Figure 11 is the steel ball group 11 in bowl mill 1 of the present invention when not accounting for 50% of whole bowl mill 1 inner space, and detection module group is positioned at structural representation during bowl mill 1 lower area;

Figure 12 is the steel ball group 11 in bowl mill 1 of the present invention when not accounting for 50% of whole bowl mill 1 inner space, and bowl mill 1 rotates in one week process, detection module group output waveform figure;

Figure 13 is the steel ball group 11 in bowl mill 1 of the present invention when exceeding 50% of whole bowl mill 1 inner space, and detection module group is positioned at structural representation during bowl mill 1 upper area;

Figure 14 is the steel ball group 11 in bowl mill 1 of the present invention when exceeding 50% of whole bowl mill 1 inner space, and detection module group is positioned at structural representation during bowl mill 1 lower area;

Figure 15 is the steel ball group 11 in bowl mill 1 of the present invention when exceeding 50% of whole bowl mill 1 inner space, and bowl mill 1 rotates in one week process, detection module group output waveform figure;

Figure 16 is steel ball group 11 motion state in bowl mill 1 of the present invention when there is cast and decline movement, and detection module group is positioned at structural representation during bowl mill 1 upper area;

Figure 17 is steel ball group 11 motion state in bowl mill 1 of the present invention when there is cast and decline movement, and detection module group is positioned at structural representation during bowl mill 1 lower area;

Figure 18 is steel ball group 11 motion state in bowl mill 1 of the present invention when there is cast and decline movement, and bowl mill 1 rotates in one week process, detection module group output waveform figure;

Figure 19 is the steel ball group 11 in bowl mill 1 of the present invention when being in apocarpy, and detection module group is positioned at structural representation during bowl mill 1 lower area;

Figure 20 is the steel ball group 11 in bowl mill 1 of the present invention when being in apocarpy, and bowl mill 1 rotates in one week process, detection module group output waveform figure;

Figure 21 is bowl mill 1 inside of the present invention when not having a steel ball group 11, and detection module group is positioned at structural representation during bowl mill 1 upper area;

Figure 22 is bowl mill 1 inside of the present invention when not having a steel ball group 11, and bowl mill 1 rotates in one week process, detection module group output waveform figure;

Figure 23 is bowl mill 1 inside of the present invention when being full of steel ball group 11, and detection module group is positioned at structural representation during bowl mill 1 lower area;

Figure 24 is bowl mill 1 inside of the present invention when being full of steel ball group 11, and bowl mill 1 rotates in one week process, detection module group output waveform figure.

Embodiment

The technological means realized to make the present invention, creation characteristic, reaching object and effect is easy to understand, setting forth the present invention further below in conjunction with concrete diagram.

Referring to figs. 1 through Fig. 6, ball grinder interior steel ball group motion state distributed detection system, comprise bowl mill 1, bowl mill 1 is provided with ball milling cover 2, is provided with ballstone group in bowl mill 1, and ballstone group is steel ball group 11.A DYNAMIC DISTRIBUTION detection system is provided with in bowl mill 1, DYNAMIC DISTRIBUTION detection system comprises the detection module group that a group is positioned at bowl mill 1, detection module group comprises the upper detection module connected successively, middle part detection module, bottom detection module, upper detection module, middle part detection module, bottom detection module comprises at least one sub-detection module 31 respectively, a sub-detection module 31 is connected to the bottom of another sub-detection module 31, at least three sub-detection modules 31 connect successively, the sub-detection module 31 at top connects the bottom of ball milling cover 2, it is inner that detection module group is deep into bowl mill 1.

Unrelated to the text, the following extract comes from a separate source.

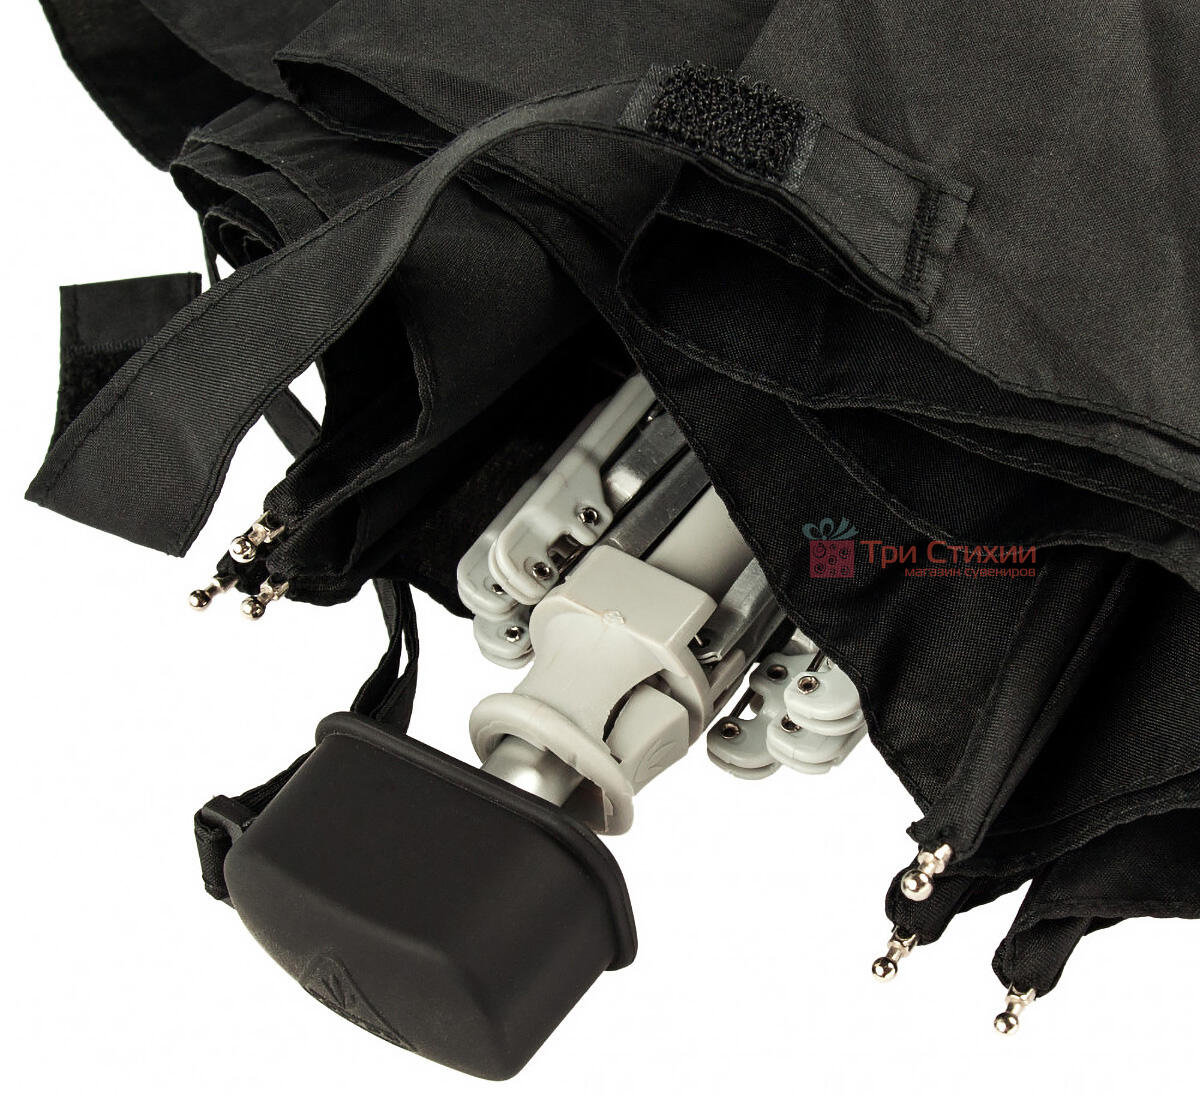 Зонт складной Fulton Ultralite-1 L349 механический  Черный (L349-000410), фото 5
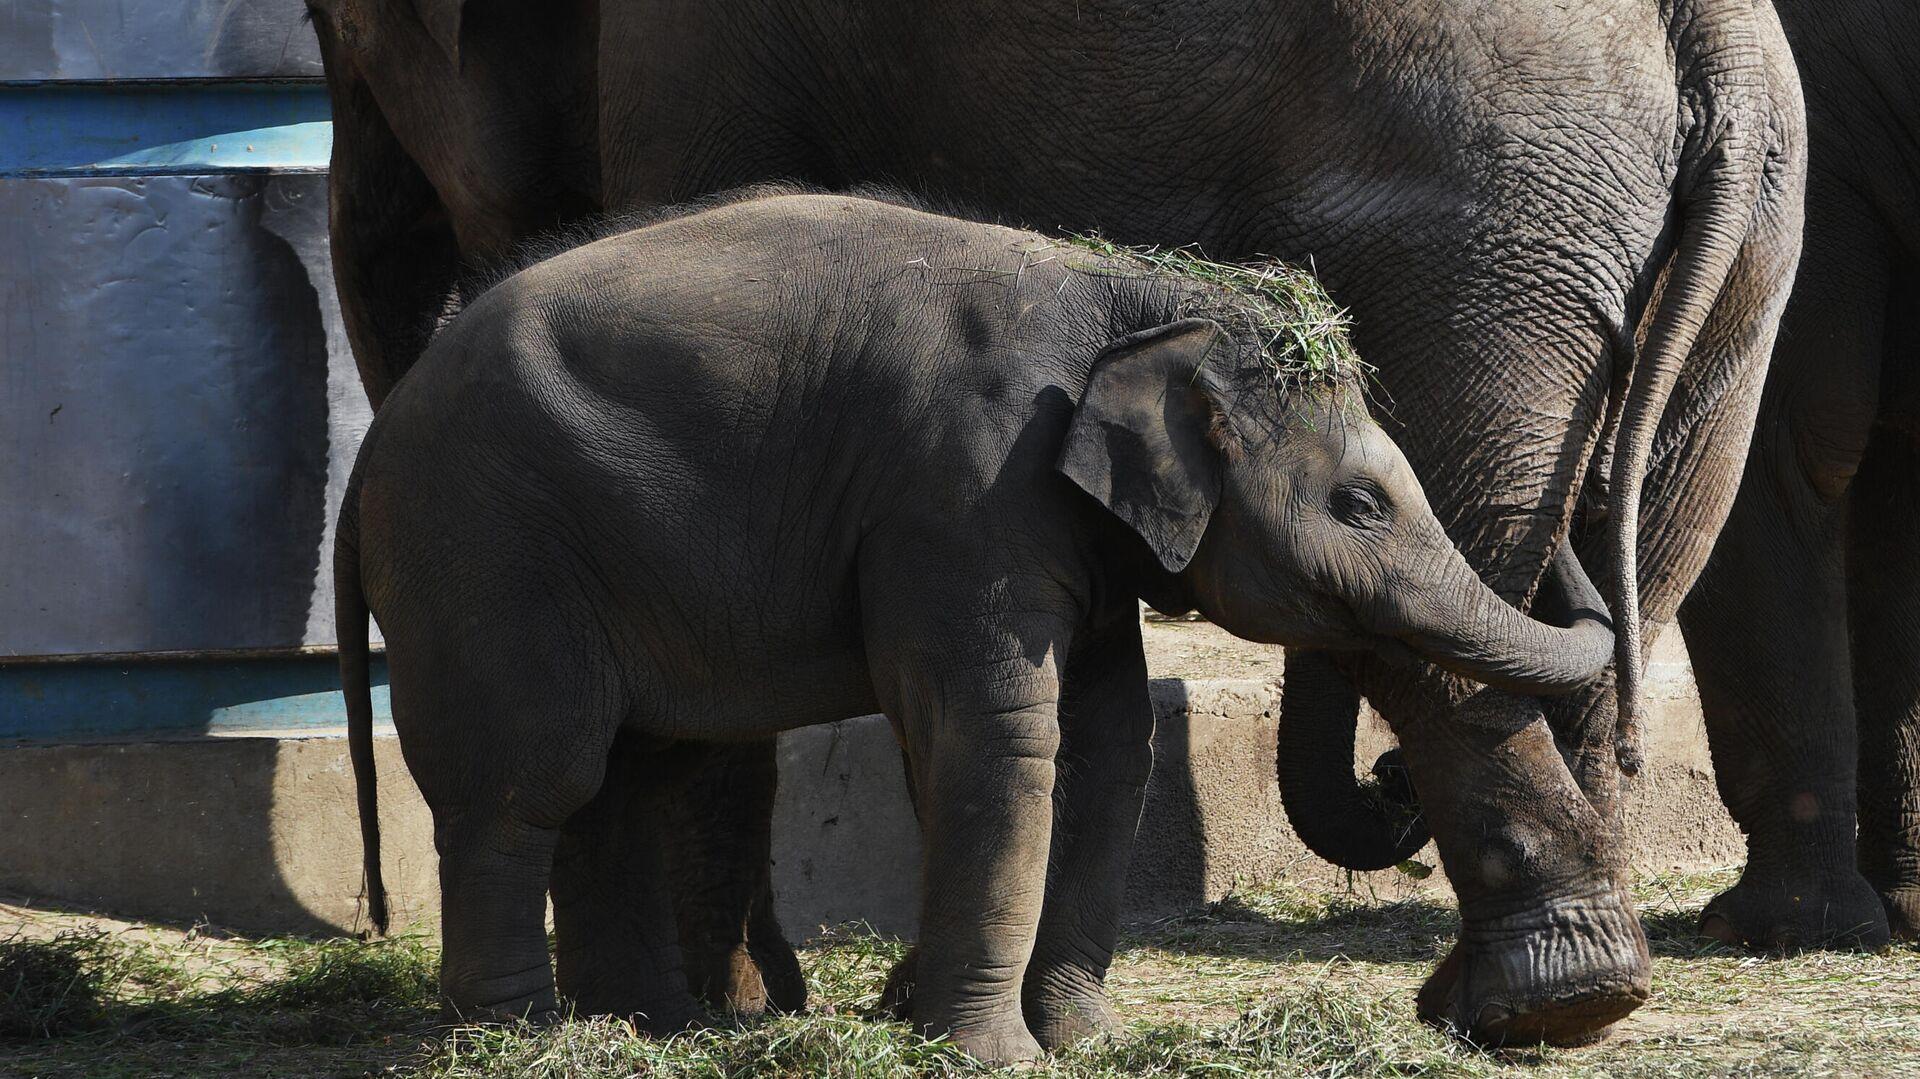 Азиатские слоны в Московском зоопарке - РИА Новости, 1920, 05.03.2021

The inside of sub-detection module 31 is provided with a cavity, the chamber wall of cavity is provided with an iron core 321, one end of iron core 321 is wound with a solenoid 322, the other end of iron core 321 is wound with an inductive coil 323, inductive coil 323 connects a signal processing module 33, and signal processing module 33 connects a wireless transmitter module 34.Inductive coil 323 all connection signal processing modules 33 of each sub-detection module 31.DYNAMIC DISTRIBUTION detection system also comprises the power module 36 that provides electric energy, and power module 36 connects solenoid 322 and signal processing module 33 respectively, for solenoid 322 and signal processing module 33 are powered.The present invention is directly deep into ball grinder interior detection module group, and the chamber wall of media impingement detection module group in bowl mill, medium of the present invention comprises steel ball group 11, mineral aggregate and water.Power module 36 powers to solenoid 322, when bowl mill 1 inside steel ball group 11 near or when touching the sub-detection module 31 of iron core 321 opening part, make magnetic circuit conducting, thus inductive coil 323 senses electromotive force, and send induction electromotive force to signal processing module 33, after signal processing module 33 pairs of induction electromotive forces process, judge whether sub-detection module 31 groups is subject to the impact of the inner steel ball group 11 of bowl mill 1, and send judgement information to wireless transmitter module 34, by wireless transmitter module 34, judgement information is sent to other equipment outside.The present invention adopts multiple sub-detection module 31 to detect steel ball group 11 together and rubs or clash into the induction electromotive force of generation, and send induction electromotive force to signal processing module 33 respectively, signal processing module 33 can identify the situation of change of each induction electromotive force, thus judges whether sub-detection module 31 is subject to the impact of steel ball group 11.The detection mode of above-mentioned design, accuracy of detection is high, reliability is strong, is ball grinder saving energy speed governing, the research of ball grinder interior fluid distrbution, provides authentic experiments data.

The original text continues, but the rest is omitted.